From their underground roots playing basement shows and touring nonstop in their "Fart Box" van, Atlanta's Mastodon have risen to become one of the most respected and important metal bands in the world, handpicked by the likes of Metallica to open for them and nabbing Grammys and No. 1 Billboard spots along the way. The grizzled quartet are celebrating their 20th anniversary this year with a killer rarities collection, Medium Rarities, which inspired us to challenge you the fans to select their single best song. Below are your top-five picks, ranked — see what came in on top.
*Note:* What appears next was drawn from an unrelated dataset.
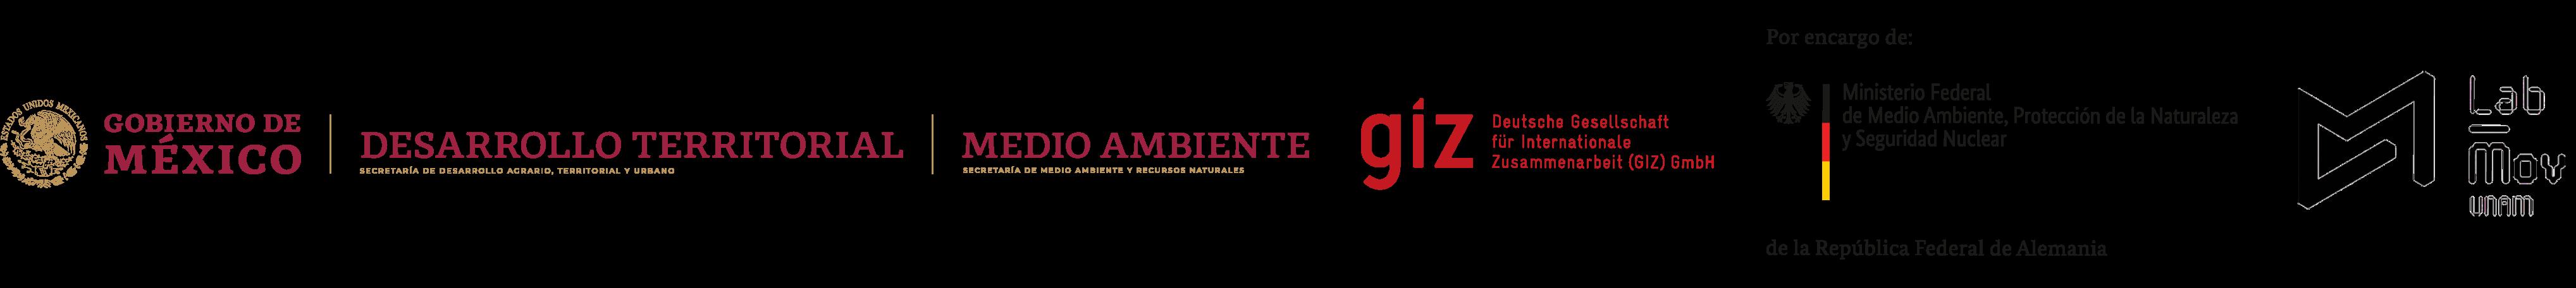 Logotipos de SEDATU, SEMARNAT, LabMov y GIZ

Masto fans can be a bit polarized by the pop flavor on some of their more recent output, but even the haters cannot deny "Curl of the Burl." The second single off The Hunter, it's, like, the catchiest stoner-rock song ever — from the clear yet hazy guitar work, bouncing rhythm and smooth lyrical flow that makes for an easy singalong. No wonder that, at the time of release, it was the band's most successful entry onto the Mainstream Rock Songs chart, peaking at No. 15.
The opening cut off 2004's Leviathan propelled Mastodon to unforeseen heights. Did you hear it in Alone in the Dark, The Cave, Need for Speed: Most Wanted, Saints Row, Rocksmith 2014, Project Gotham Racing 3, Splatterhouse, Guitar Hero Metallica or The Big Short? Wherever you discovered it, this charging cut probably blew your mind and banged your head, between its fast-paced roar, chugging riffery and scenery-chewing guest vocals from Clutch's Neil Fallon.
From Mastodon's third full-length, 2006's Blood Mountain, "Colony of Birchmen" is a sweet dose of sludgy prog. Nominated for the Best Metal Performance Grammy that same year, the knotty, compulsive single features Queens of the Stone Age's Josh Homme on guest backing vocals and builds to a massive shredathon of a climax with every members pushing their instrumental prowess to the max.
The final song on 2009's emotionally fraught concept album Crack the Skye is a 13-minute spiritual experience. "I guess they would say we can set this world ablaze," the lyrics go. "Hold my head on stable ground/Watch as the Earth falls all around." From Brent Hinds and Bill Kelliher's zigzagging dual guitar work to Troy Sanders pummeling the floor to Brann Dailor showcasing off his inimitable chops (Crack the Skye is the first album on which the drummer-songwriter started singing), "The Last Baron" brings the landmark LP to a close in epic fashion.
Evoking Justice-era Metallica in its scope, structure and sonic attack, this Leviathan standout is a wild near-14-minute ride. With the song's atmospheric intro ultimately giving way to surging beats and vicious screams, the song swells, soars, crashes and rises, packed with more killer parts and mind-melting concepts than many other bands have in their entire discography. A prog-metal masterpiece and your hands-down No. 1 pick.